Москва, 1847.

Человек на человека не приходит... Один задумал что-нибудь, -- не удается, не везет: он махнул рукой и принялся за другое. И ему ничего: в сердце у него ничто не оборвалось; образ деятельности, путь жизни изменился, но он все тот же: как будто ничего не терял, ни от чего не отказывался. Ему хорошо: кровь у него течет в жилах ровно, сердце не перевешивает рассудка. Чего нельзя, того нельзя, говорит он и успокоивается... А другой человек весь и навсегда отдается овладевшей им цели. Будь даже ясно, как день, что она для него недоступна, он и тут от нее не откажется; за неимением существенного, он будет жить фантазиями: построит надежды свои на том, что невежды вдруг поумнеют, мерзавцы сделаются честными людьми... Во всяком случае, он будет идти к своей цели упорно и неуклонно до последнего своего часа, потому что для него перестать стремиться к ней -- значит перестать жить. И если в нем таится любовь и к истине и верное чувство истины, -- он, бесспорно, сделает много хорошего... Но если человек с такими силами, по ограниченности или по чему-нибудь другому, стремится к цели мелочной или ложной, тогда представляется зрелище забавное и вместе трагическое: пот и кровь обильно льются на почву, не способную к растительности, великие подвиги трудолюбия и самоотвержения приносятся в жертву тому, для чего не стоит ударить пальцем о палец, -- гора родит мышь. Смешно и жалко!.. Еще более забавно и трогательно, когда вдруг несколькими людьми овладеет ложное убеждение и когда упрямство, самолюбие, ограниченность, расчет, добросовестное ослепление -- заставляют их, вопреки очевидности и здравого смысла, упорно стоять на своем. Тут все -- и завидная сила воли, и неуклонная настойчивость, и энергическое преследование задушевной цели, качества, бесспорно, редкие и очень почтенные, -- все принимает юмористический колорит... Для так называемых "посторонних зрителей" подобные явления истинный праздник: не принимая участия в борьбе, они видят только смешную сторону дела и, как говорится, жиреют на чужой счет, потешаясь на славу!

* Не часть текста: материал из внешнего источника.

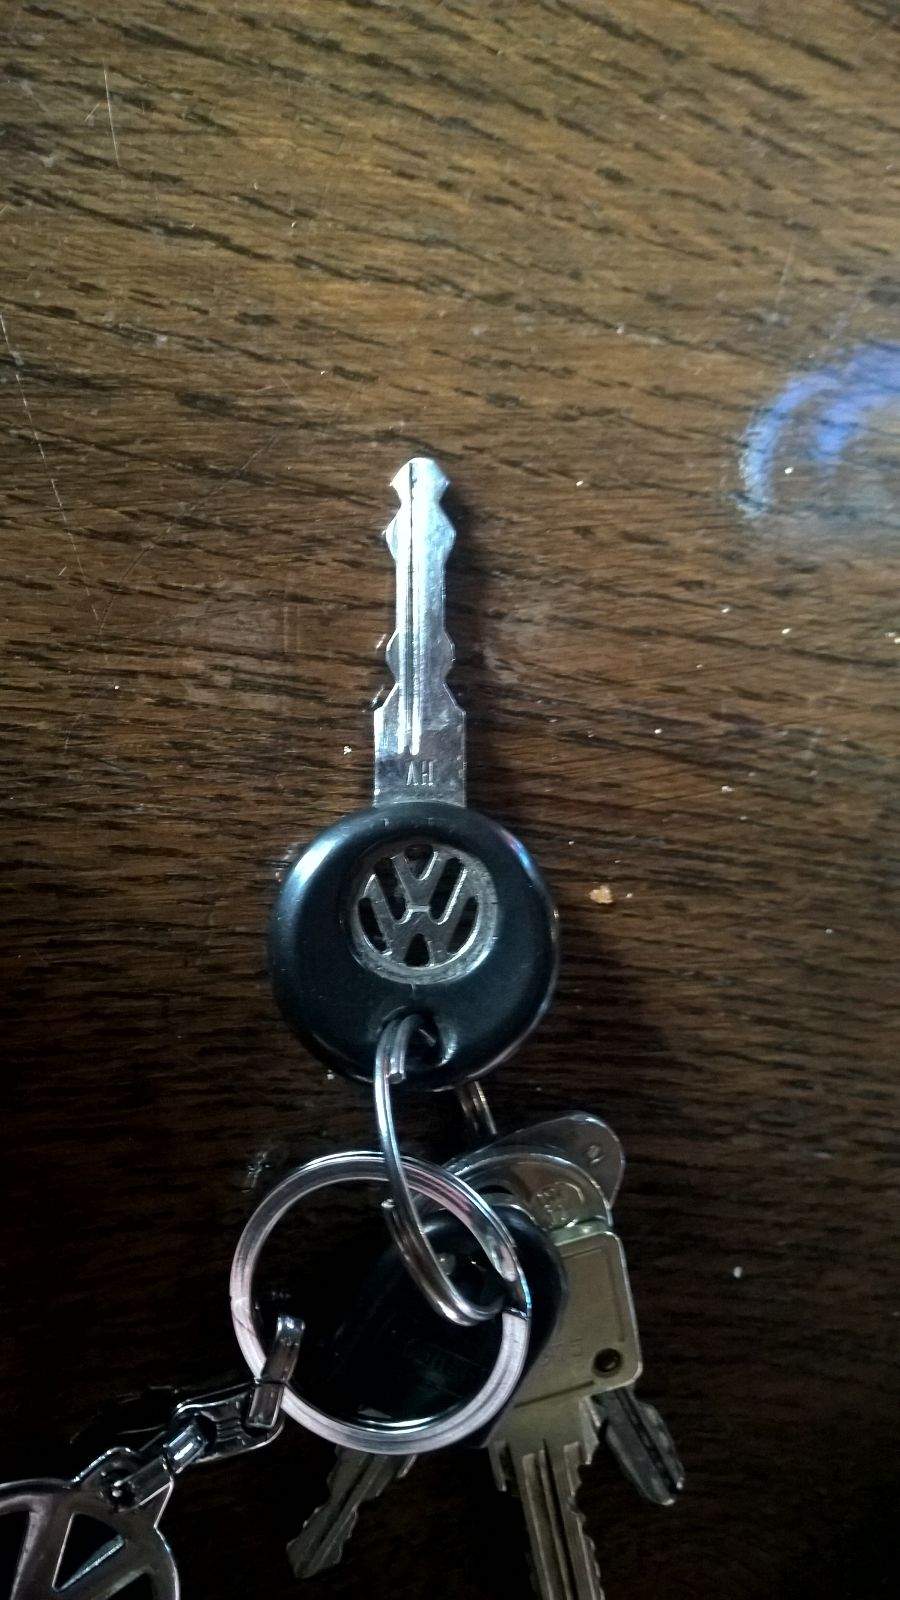 Wie viele verschiedene Schlüssel gibt es von den VW Schlüsseln (Bild)?  (Auto, alt)

И в самом деле, странно было бы ожидать чего-нибудь серьезного от судорожной и хлопотливой деятельности людей, одержимых ложным убеждением, потому что, дело известное, достигает цели и торжествует только истинное; но нельзя не жалеть, что столько труда, настойчивости, иногда даже знания и таланта, погибают бесплодно, а главное -- нельзя не смеяться. Смешного тут не оберешься... Не смешны ли в высшей степени добродушные жалобы подобных людей на то, что не понимают их, не сочувствуют бессмыслице, заменившей им истину, -- их торжественные сборы поразить и уничтожить противников, в сотый раз разрешающиеся их собственным, бесславным падением, -- наконец, их яростный, но бессильный гнев? Надобно сказать правду, их гнев, как всегда у людей, ослепленных страстью, часто переходит границы приличия, но стоит войти в их положение, чтоб простить им все... Бедные! Ведь они убеждены, что правы, что человечеству стоит только прислушаться к их говору, чтоб узнать великие и спасительные истины, а между тем их не слушают. В отчаянии, они начинают кричать, но в ту самую минуту, когда произносятся самые сильные доказательства, которые, по их мнению, должны окончательно покорить непокорных, раздается громкий и дружный хохот; они начинают сердиться и браниться, но им отвечают с равнодушием и спокойствием, полным торжествующего презрения... Тут они выходят из себя, а известно: когда человек выйдет из себя, он забывает уважение к самому себе, а следовательно, и к другим, перестает уважать чужое мнение, теряет такт и чувство приличия, часто даже теряет то чувство, без которого нельзя остаться справедливым к своим противникам. Конечно, все это нехорошо, непохвально, но когда войдешь в их горемычное положение, жаль станет бросить в них камень даже за дурной колорит, который умышленно стараются они навести на действия своих противников, -- даже за литературную клевету: прощаешь им все и оставляешь за собой только право смеяться...

А посмеяться, повторяю, есть чему. Если б я имел драматический талант и почувствовал желание написать комедию, я непременно избрал бы моими действующими лицами -- людей, одержимых каким-нибудь странным, уродливым, несовременным и ложным убеждением, -- людей, которые стремятся к такой цели, до которой невозможно дойти, "хоть три года скачи", как говорит Гоголь.

Но дело теперь не в том, чтоб написать комедию: дело теперь в том, чтоб представить читателям отчет о "Московском литературном и ученом сборнике".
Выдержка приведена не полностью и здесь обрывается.